На один из таких сейнеров Варг был назначен штурманом. «В порядке укрепления кадров, — сказали ему. — Пароход, может, еще и не потонет, он железный, а вот люди там — одна труха. Никчемный народ. Ты, конечно, делу не поможешь, а все-таки…»
Варг уже огляделся на Севере, успел привыкнуть к тому, что здесь свои законы, часто жесткие, не сразу понятные, знал, что были тут и случайные, пришлые люди, жаждавшие благ, готовые за эти блага вкалывать на полную катушку, но все равно они оставались пришлыми. Без корней, без традиций. Сейнер был под стать экипажу. Разболтанный, он скрипел ржавыми ребрами даже в тихую погоду, дышал как загнанная лошадь; борта у него шелушились коростой — никто уже не помнил, когда их в последний раз красили, на палубе… Да что там говорить! Хлев — он и есть хлев.
Варг посмотрел на все это и загрустил: он был молод, он еще не забыл и не хотел забывать истинно корабельную службу.

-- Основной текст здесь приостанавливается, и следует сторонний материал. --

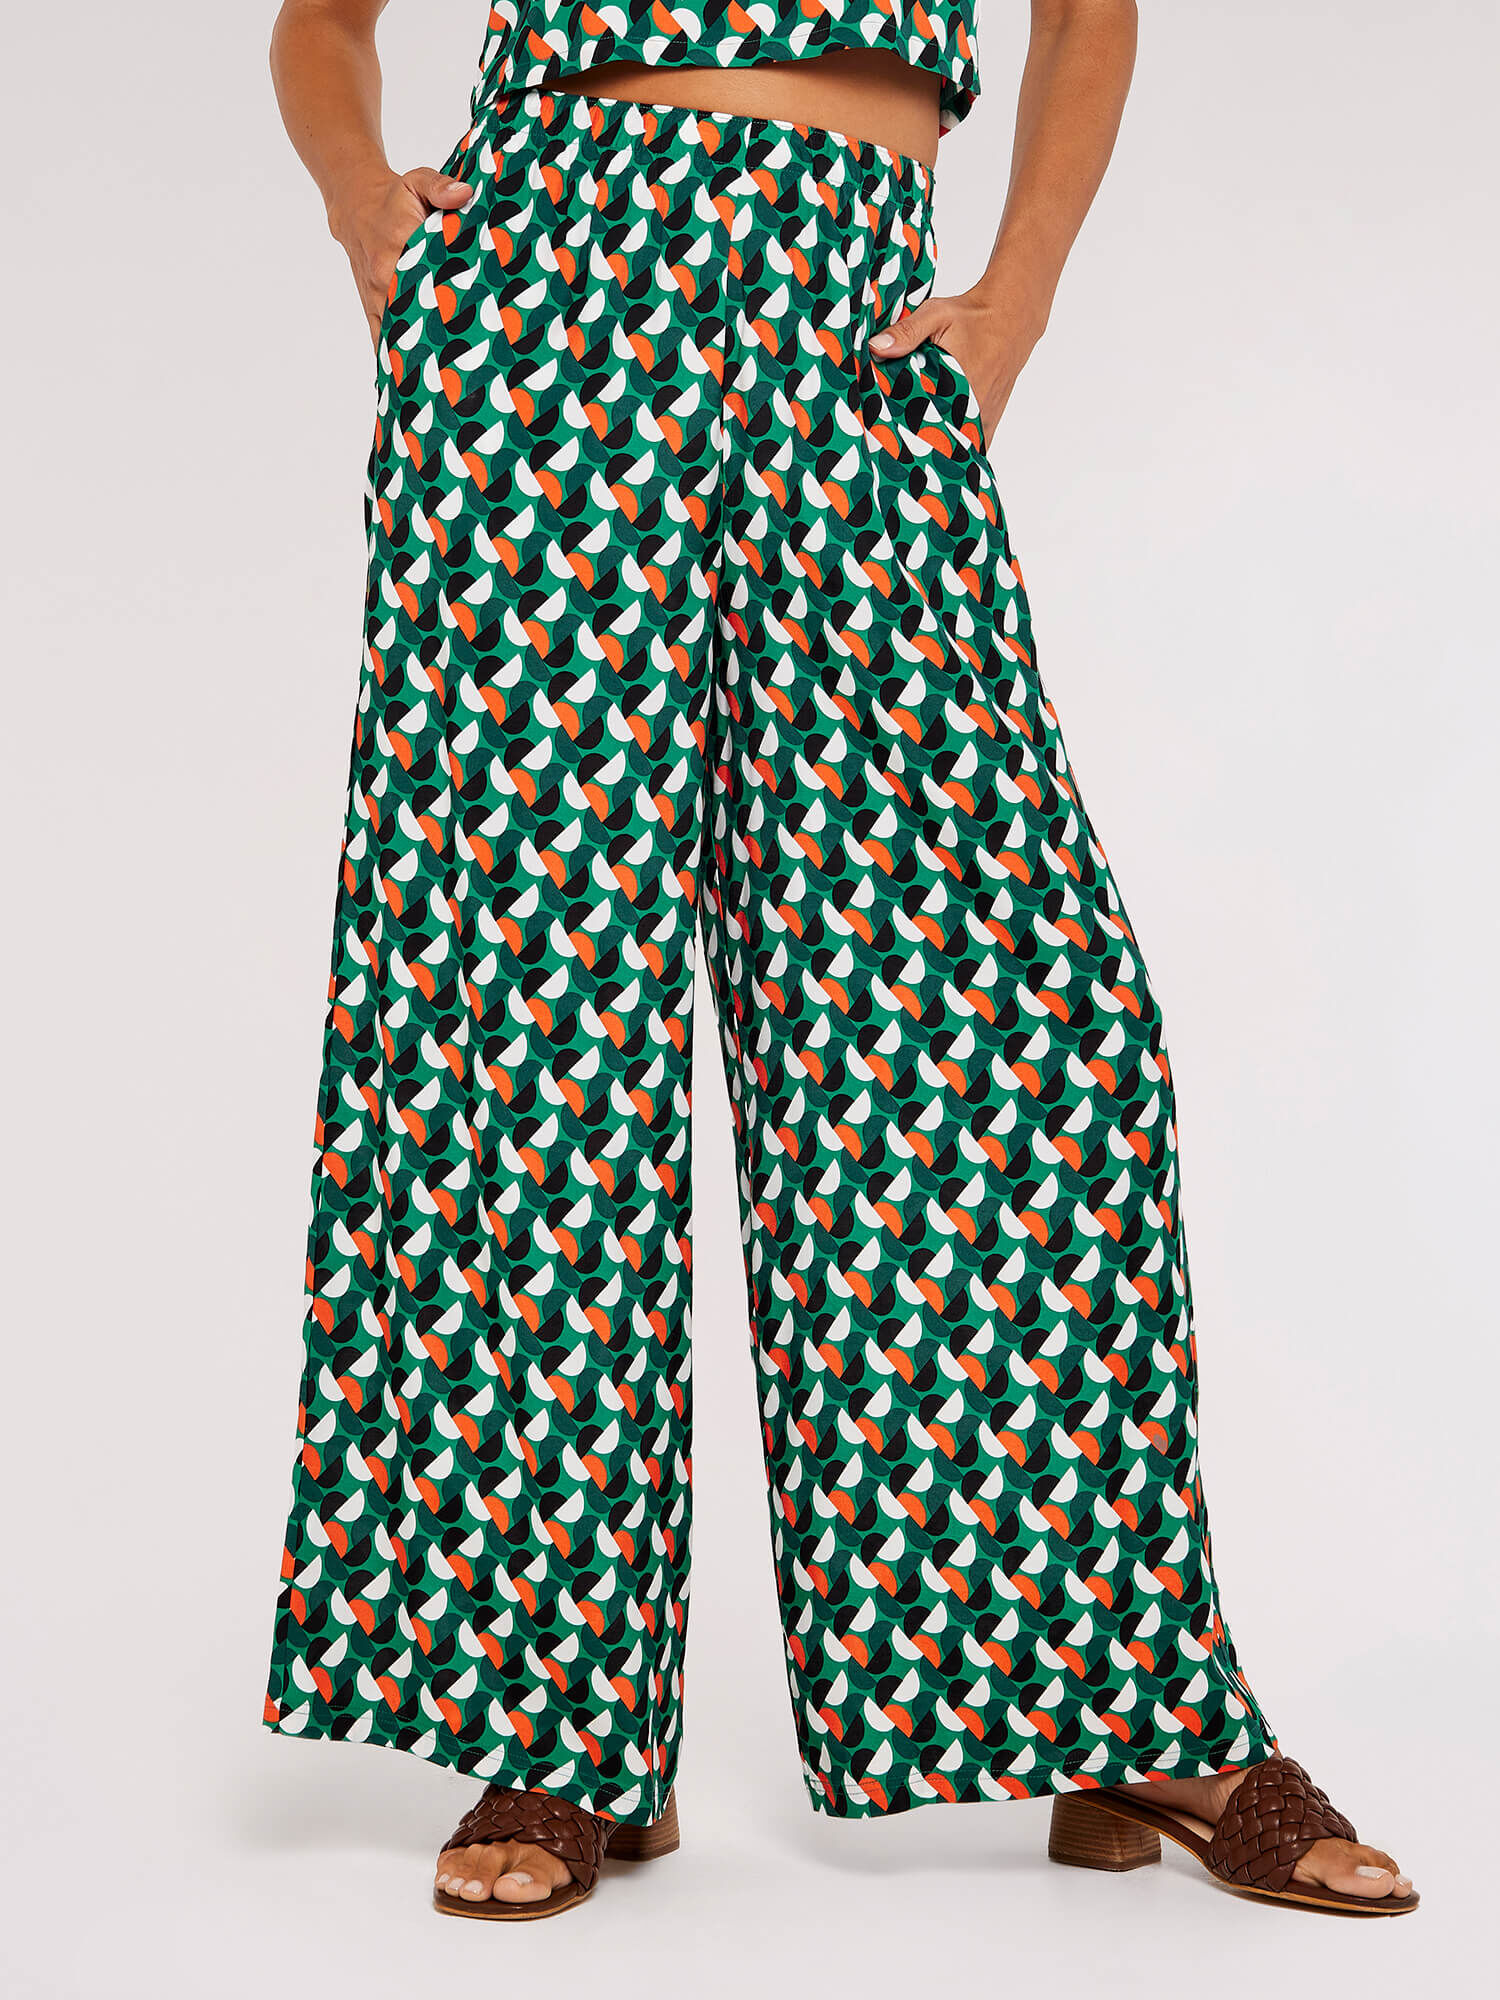 Cut-out-detail patterned trousers - Black/Green patterned - Ladies | H&M IN

Механика Самохина Варг сразу же невзлюбил: бандитская рожа. Что ни слово — переборки гнулись. Варгу, который старался блюсти хоть какую-нибудь дисциплину, сказал:
— Ты, Саша, не лезь. Тебя, понимаешь, начальство прислало, ты исполняй, а мы свое исполнять будем. Мальчики у нас бедовые. Может и это… неприятность быть.
— Не может, — сказал Варг. — Я тебя вместе с твоими мальчиками за борт покидаю.
Самохин пожевал губами и посмотрел на Варга с искренним изумлением. Откуда ему было знать про беспризорника Сашку Варга, прошедшего великую школу у предводителей королевских пиратов Кружилина, откуда было догадаться, что бывший инструктор морских десантников мог и впрямь выкинуть его за борт — уж очень это казалось неправдоподобным.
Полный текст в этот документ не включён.